The Word Nerd on Puns and Noodles

battered into submission by Tom Conger

The Roman emperor’s wife hates playing hide and seek because wherever she goes, Julius Caesar.

I like what mechanics wear, overall.

If you are being chased by a pack of taxidermists, do not play dead.

I tried to steal spaghetti from the shop, but the female guard saw me and I couldn’t get pasta.

My friend told me he was going to a fancy dress party as an Italian island. I said to him, “Don’t be Sicily.”

I don’t know what you call a small spillage from a pen but I have an inkling.

My grandfather invented the cold air balloon but it never really took off.

I hate funerals, I’m not a mourning person.

I used to work in a shoe-recycling shop.

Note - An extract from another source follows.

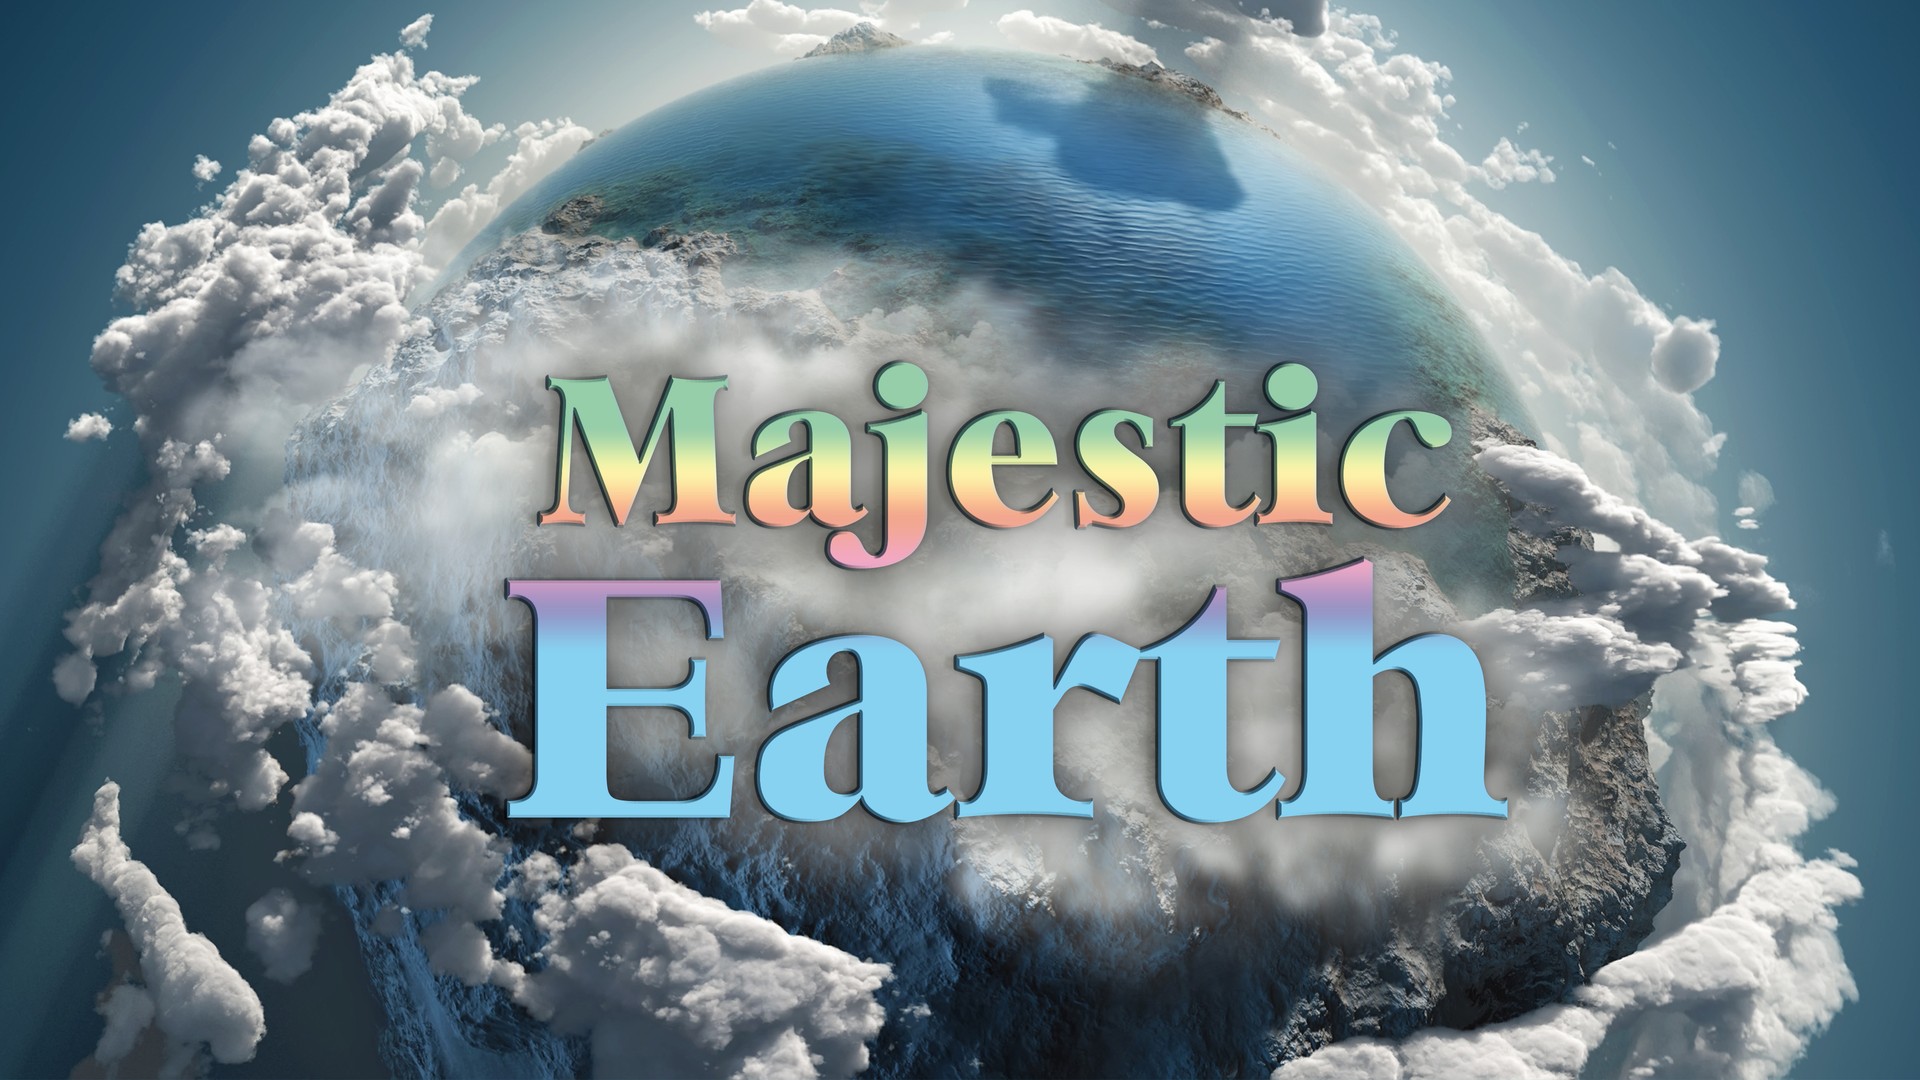 Majestic Earth

It was sole-destroying.

When she saw her first strands of gray hair, she thought she’d dye.

A boiled egg is hard to beat.

 Once you’ve seen one shopping center, you’ve seen a mall.

 It’s hard to explain puns to kleptomaniacs because they always take things literally.

I’m a big fan of whiteboards. I find them quite remarkable.

Yesterday, a clown held the door open for me. It was such a nice jester.

Becoming a vegetarian is a huge missed steak.

The other day she tried to make a chemistry joke, but got no reaction.

It’s funny England doesn’t have a kidney bank, but has a Liverpool.

Acupuncture is a jab well done.

When a clock is hungry, it goes back four seconds.